Pub Date : 2019-01-01 Epub Date: 2019-05-20 DOI: 10.26502/fjwhd.2644-2884004
Rami A Ballout, Rayan Ghanem, Anwar Nassar, Ali H Hallal, Labib M Ghulmiyyah

This is the case of a 38 year-old Lebanese woman G2P1, history of previous cesarean section, presenting at 30+5 weeks of gestation with acute left-sided flank pain and a two-day history of chills and dysuria. In light of the clinical presentation, the patient was initially diagnosed with pyelonephritis and managed accordingly; however, her clinical status deteriorated with worsening hypotension and lethargy despite resuscitative measures and a normal abdominal ultrasound. Failure to revive the patient eventually led to a cardiac arrest for which a peri-mortem cesarean section was performed at bedside. Upon abdominal entry, an actively-bleeding ruptured splenic artery aneurysm (SAA) was identified, for which massive transfusion protocol was activated, and the patient was transferred to the operating room. The patient had a complicated postoperative course, the fetus was stillborn, and she was discharged home after 6 months of hospital stay. In view of the high mortality and morbidity associated with ruptured SAA in pregnancy, early recognition and prompt intervention are crucial for maternal and fetal benefit.

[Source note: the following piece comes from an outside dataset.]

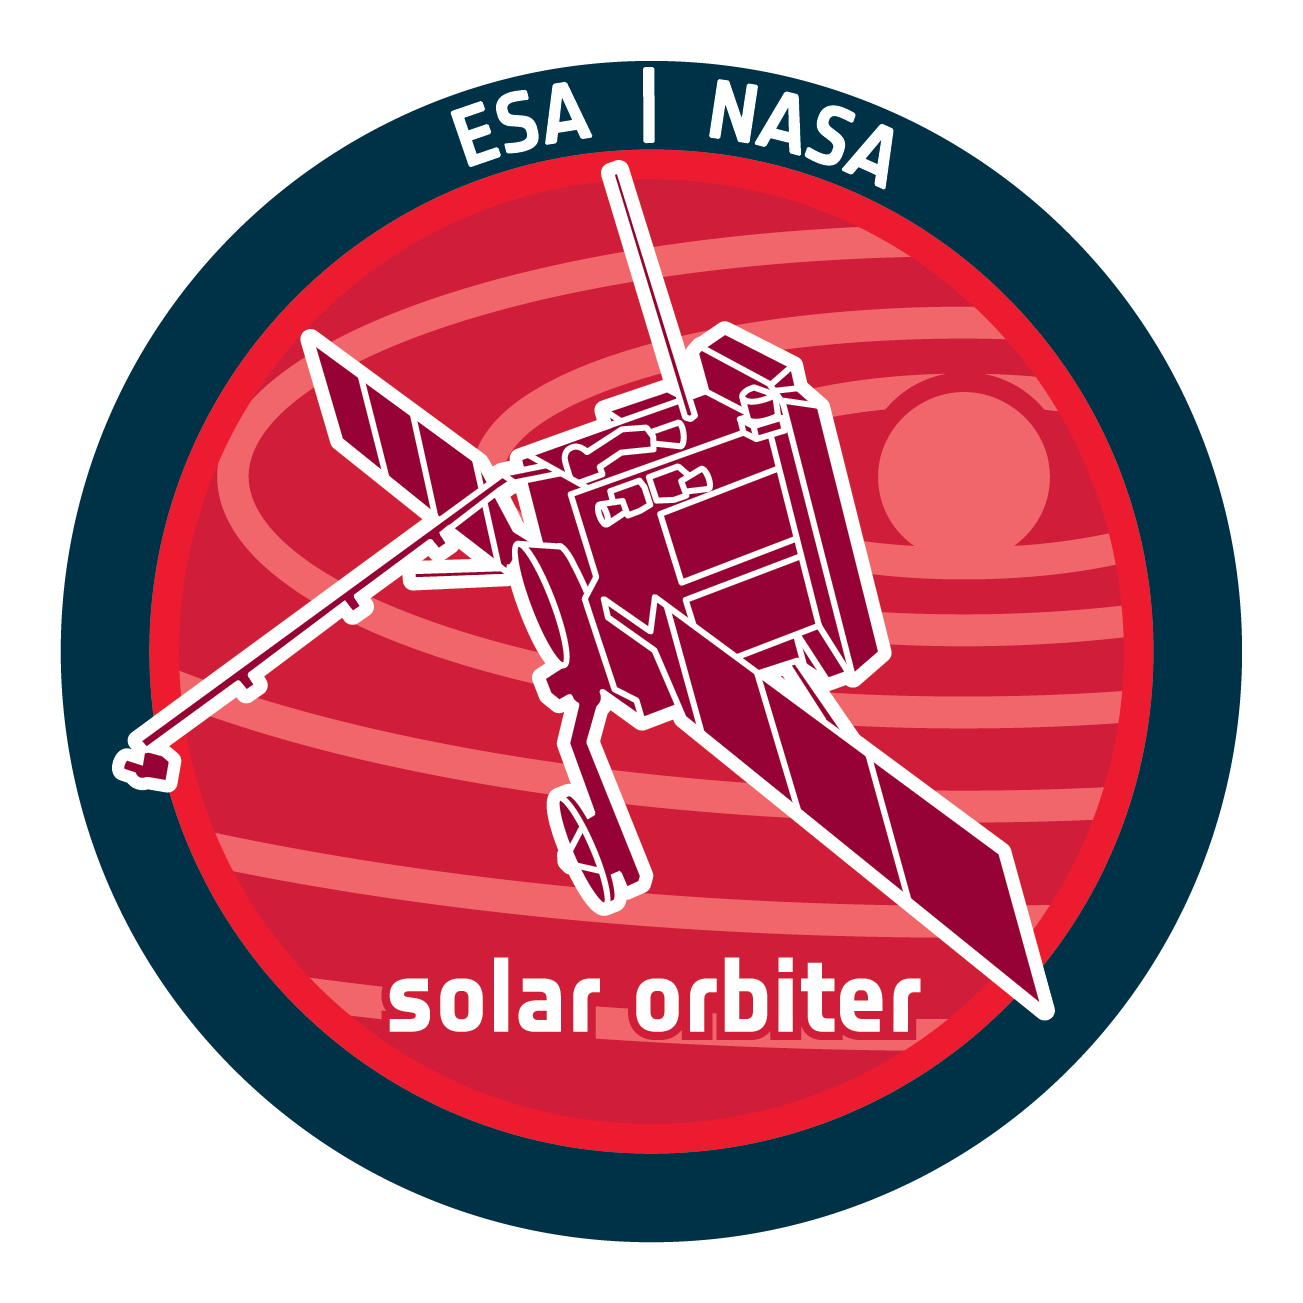 ESA NASA solar orbiter mission patch

本病例是一名 38 岁的黎巴嫩妇女,G2P1,既往有剖宫产史,妊娠 30+5 周时出现急性左侧腹痛,两天前出现寒战和排尿困难。根据临床表现,患者最初被诊断为肾盂肾炎,并接受了相应的治疗;然而,尽管采取了抢救措施并进行了正常的腹部超声波检查,患者的临床状况还是恶化了,低血压和嗜睡症状不断加重。由于抢救无效,患者最终心脏骤停,在床边进行了剖腹产手术。进入腹腔后,发现了一个活跃出血的脾动脉瘤(SAA)破裂,为此启动了大量输血方案,并将患者转入手术室。患者术后病程复杂,胎儿胎死腹中,住院 6 个月后出院回家。鉴于妊娠期 SAA 破裂的高死亡率和发病率,早期识别和及时干预对孕产妇和胎儿的获益至关重要。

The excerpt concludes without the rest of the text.